I am looking forward to getting a valuable suggestion for a bioinformatic problem.
Background:
Currently, I am performing a de novo whole genome assembly. At the stage of barcode correction, I lost nearly half of all the reads due to erroneous barcodes. While library construction, 18-base molecular barcodes were used for the linked-read generation, and the barcodes have a high incidence of "N" in positions between 12 and 18, as you may see below.
Now, I have been asked by the company to do one of two things, to recover the lost reads:
- Either replace the barcodes(barcode fastq file from sequencing core) with the correct ones from a pool of barcodes (This is a text file I received from the company that contains the pool of all 18 base barcode sequences)
- Since most "N"s are seen in positions 12 to 18 of the 18-base barcode sequences (barcode fastq file from the sequencing core), replace the 11-mers in the barcode file, and replace them with the 11-mers from the correct barcode file (text file).
I have decided to use Python code to execute the first method.
#Define the path where fastq file is stored.
import os
from Bio.SeqIO.QualityIO import FastqGeneralIterator
path=os.path.join(os.path.expanduser("~"), "Desktop", "SVA1_S1_R2_001.fastq")
#create a new file handle to write the file
path_new=os.path.join(os.path.expanduser("~"), "Desktop", "trimmedfastq.fastq")
path_ust_barcode=os.path.join(os.path.expanduser("~"), "Desktop", "UST40MBarcodes.txt")
write_file=open(path_new, "w")
#open the text file containg the correct pool of barcodes
with open(path_ust_barcode, "r")as fh:
barcodes=fh.readlines()
#===================================================
# Return the Hamming distance between string1 and string2.
def hamming_distance(string1, string2):
# Start with a distance of zero, and count up
distance = 0
# Loop over the indices of the string
L = len(string1)
for i in range(L):
# Add 1 to the distance if these two characters are not equal
if string1[i] != string2[i]:
distance += 1
# Return the final count of differences
return distance
#===================================================
#set correct barcode to "None"
corr_barcode=None
#set the minimum hamming distance to "None"
min_distance=None
#open the fastq file
with open(path, "r") as handle:
for title, sequence, qual in FastqGeneralIterator(handle):
for read in barcodes:
h_distance=hamming_distance(sequence, read)
#checking of the h_distance ==None or <min_distance
if min_distance == None:
min_distance=h_distance
elif h_distance <= min_distance:
min_distance=h_distance
corr_barcode=read
#write a new file
with open(path_new, "a") as wf:
wf.write("@%s\n%s+\n%s\n" % (title, corr_barcode, qual))
continue
Problem
I would like to know if this is the only Pythonic way to tackle this problem.
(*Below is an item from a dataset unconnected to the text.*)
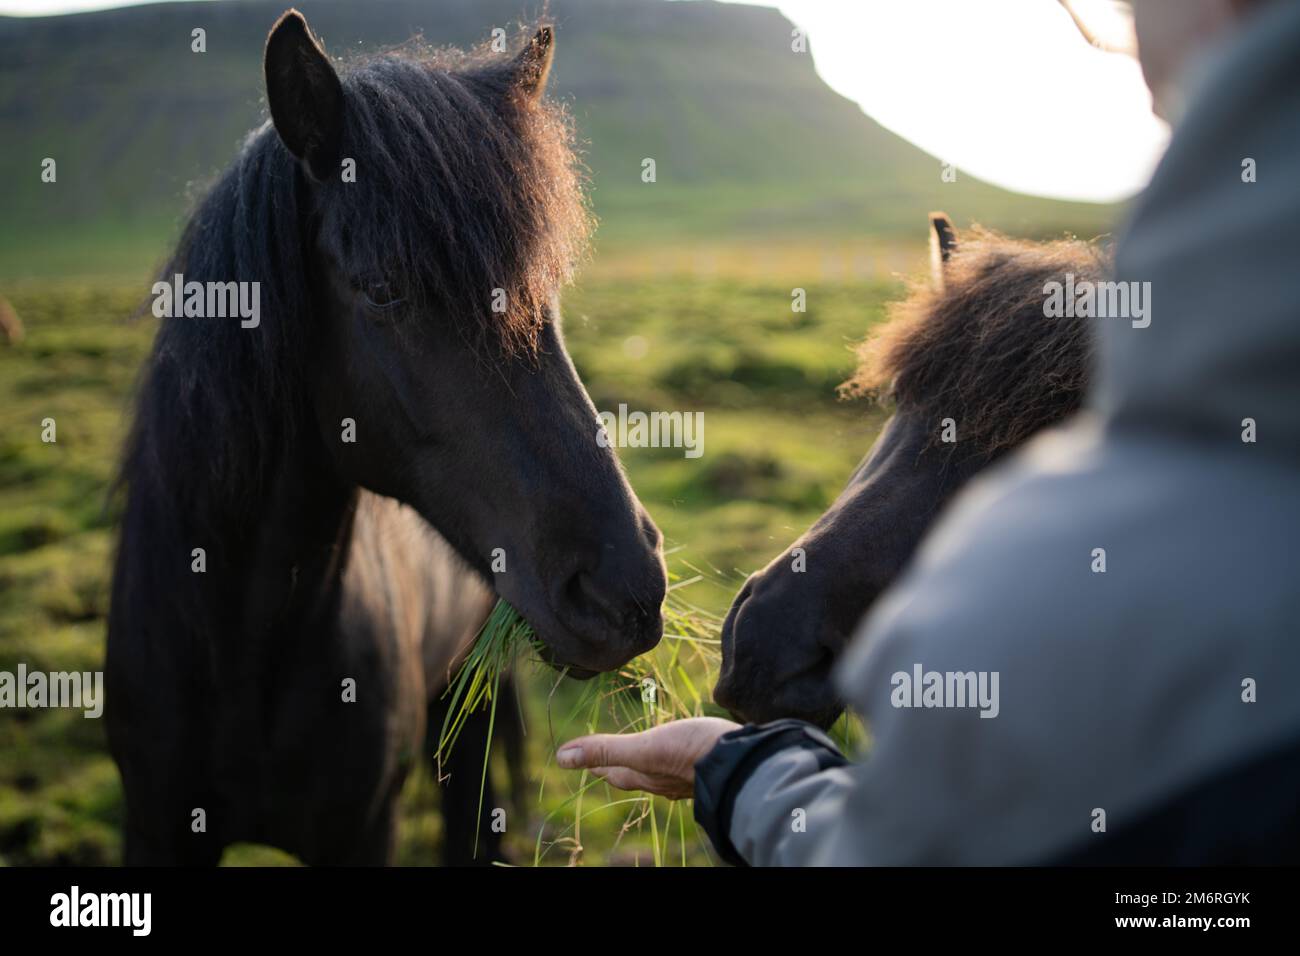 Alimentazione di cavalli islandesi al pascolo al Berg Horse Farm in Islanda Foto Stock

This method is dead slow. In fact, the Python code is generating the corrected barcode (fastq) file, but the procedure is very very slow. My erroneous barcode fastq file is 30+ Gb, and the program is generating the new corrected file at a rate of 60Kb evey ~24 hours. I am looking forward to getting valuable suggestions here, with respect to the code, especially how I can make the process faster.
NB: I was told by the company that the second method is better than the first one, but nonethless the code corresponds to the first method.
why not split the BAM file into chunks and run this in parallel separately on each one
@benformatics Did you mean, to split the text file into multiple component files and perform the process on each of them? I think there are about more than 40 million sequences in the text file
You could, for example, split it into 40 files, each with one million reads.
@i.sudbery, Thank you! I can do that. Also, I would like to know if a bash script file can do the work faster than Python.
Was this an error on the part of whoever designed the barcodes i.e. were they low-complexity in this region? Having low-complexity sequence (and not including enough phiX to compensate for this will lead to N's showing up in the sequencing especially if the run was borderline overloaded).
If they are not low complexity then this seems to be a run time reagent/sequencer problem that should be addressed by the company that did the sequencing. They should re-run this pool at no cost. Asking you to try and salvage this data informatically is bad.